Introductory remarks by Alla Rogers, August 28, 2025
Welcome everyone. We are here as part of a call to action to Hold The Light for Ukraine and for one another as individuals living together as a shared humanity on this Earth.
I am here to provide a little context about Ukrainian women and the forging of female self identity in modern-day Ukraine. Let’s now jump back in time.
In the study of anthropology and archaeology, findings show that women on the lands of modern-day Ukraine were influential figures in their communities, contributing to hunting and gathering as well as fashioning complex crafts like pottery, and textiles. Many prehistoric cultures of the region were matriarchal, organized around female lineages.
The Stone Age Inhabitants of Ukraine were Neanderthals. After Modern humans arrives around 40,000 BC, women played significant and active roles as hunters, that included big games, as skilled artisans and were revered in symbolic references to female power in ritualistic female figurines used in fertility rites and magic. In the Copper Age, 6000-2750 BC in which Ukraine enjoyed the Trypillian culture, women were heads of households and central to family and community life. Women managed agricultural work, while men hunted and tended livestock.

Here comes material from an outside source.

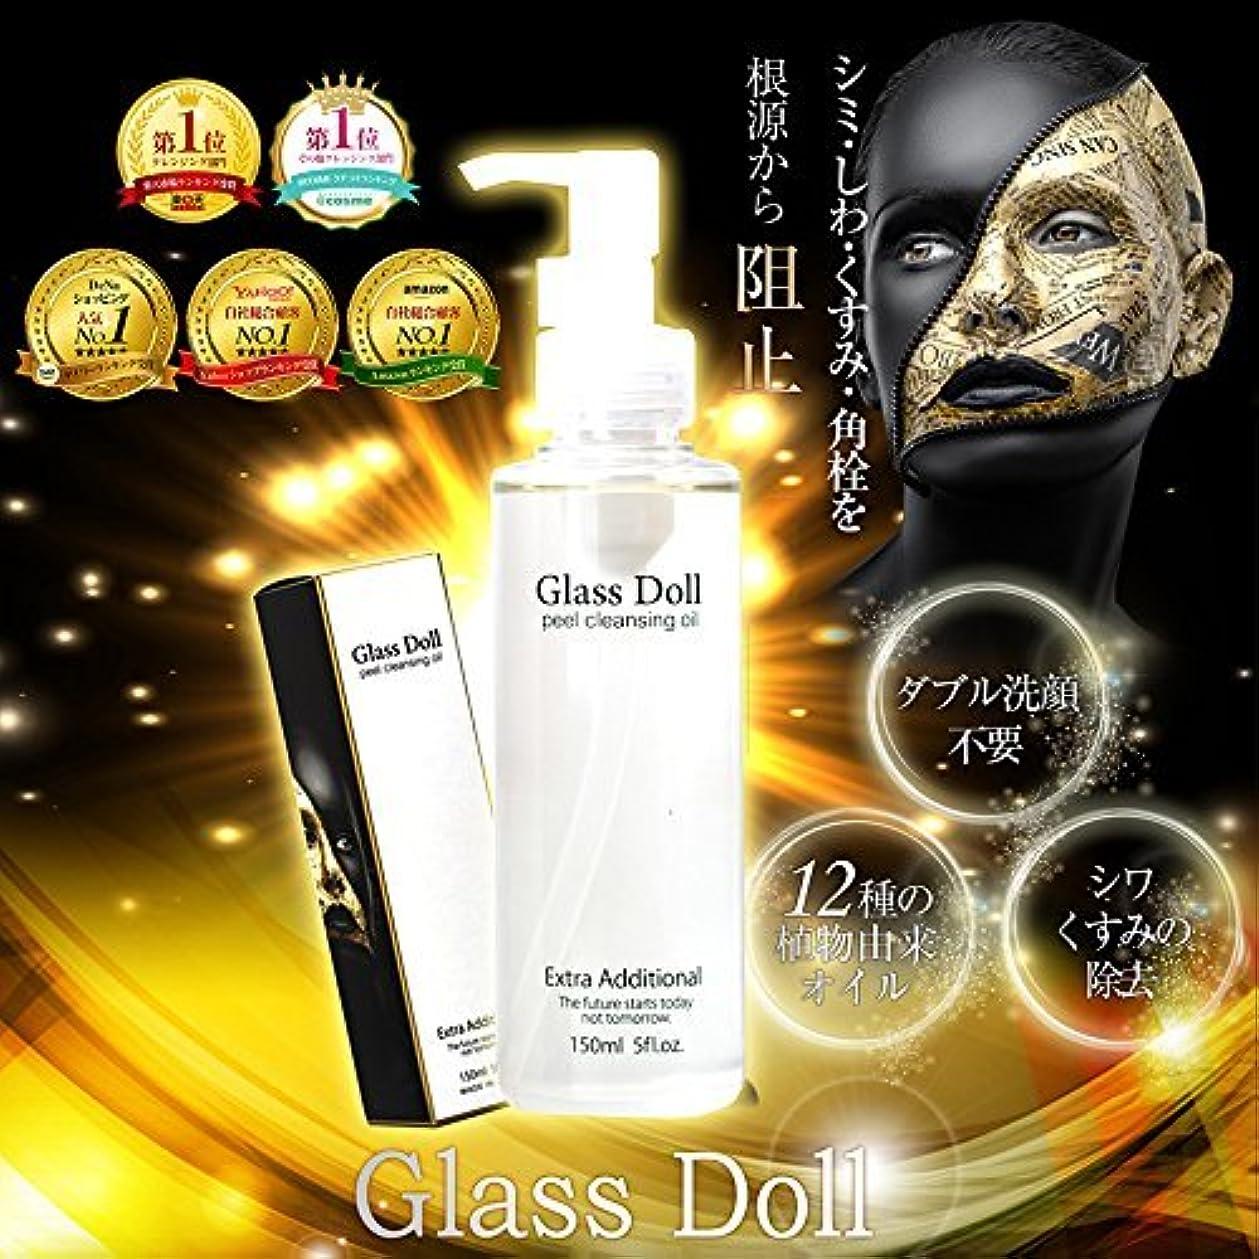 弾薬りんごデザートGlass Doll Peel cleansing oil グラスドール 2個セット ピール クレンジング オイル

Later after the Trypillian culture faded around 2400 yrs ago, recently graves of female Scythian warriors were found in Ukraine buried with weapons and battle gear suggesting that women held high status combat roles similar to the Amazons the Greeks described. They adorned themselves and their horses in gold. Artifacts can be seen in Ukraine’s Vault Museum in Kyiv

Curator and artist Alla Rogers
Fast forward to ancient Kyivan Rus, 10th C AD, women on the geographic territory of today’s Ukraine enjoyed thousands of years of agency, self actualization and self determination that resulted in a cultural veneration of female power, fertility, magic, artistry and industry. In the Christian Era that ensued, all of this evolutionary knowledge was inserted into a patriarchal system that unlike Western Europe, never legally recognized women as chattel or property. They were the head of the Home. the Culture Keeper, and The Ritual Practitioner, as well as midwives and healers. In Ukrainian Medieval Rus, women owned property and they owned and contro;;ed their dowries. As widows, they did not require male guardianship. They enjoyed the right to inherit property and control it.
They had the right of refusal or negotiated consent in public, as marriages were arranged by parents. Some early female rulers of Rus, Princess Olha, introduced a systematized form of taxation rather than paying tribute. Female rulers were literate as well as fierce warriors and defenders of their nation’s interests. Princess Anna of Kyiv married King Henry I of France in 1051. She served as Queen, co-ruler and regent and their Son Phillip I became King of France. His progeny became the ruling dynasties of Europe.
During the era of the Ukrainian Hetmanate, the Kozak era that began emerging in the 15th C, and its destruction by the Russian Tsar in 1776, this para-military Kozak, Christian knighthood, founded on democratic principals with a carefully defined distribution of skills and leadership hierarchy, could not have survived without the participation and support of women. The Kozaks were a defensive force, protecting the vast open borderlands from attack and invasion. While they planned and participated in warfare away from their homes and families, women managed everything until their return.
In the Soviet era legal equality for women was proclaimed by the state with guaranteed access to education, equal pay and maternity benefits. However, women were underrepresented in top leadership positions as a clear reflection of the remaining patriarchal mindset where power was exercised.
Following Ukraine’s independence in 1991, statistics demonstrate that women’s political representation and economic equality initially declined but is steadily improving. Since 1991 women have been active and vital in national protest movements and volunteering, demonstrating a strong tradition of activism. In today’s defense against Russian occupation, more than 40,000 women serve in medical support and combat positions. There is no mandatory conscription of females in Ukraine. There is a legal requirement under law to register if you have training as a medical professional.
So what conclusions can we make from this broad brush sketch of female self identity in Ukraine?
Ukrainian women are capable, strong, resilient, intelligent and fierce. Their model throughout time has been as: the birther of life, the handmaiden of nature, the partner, the keeper of traditions, the healer, the artist, the magician, a manifestation of the Great Female in nature.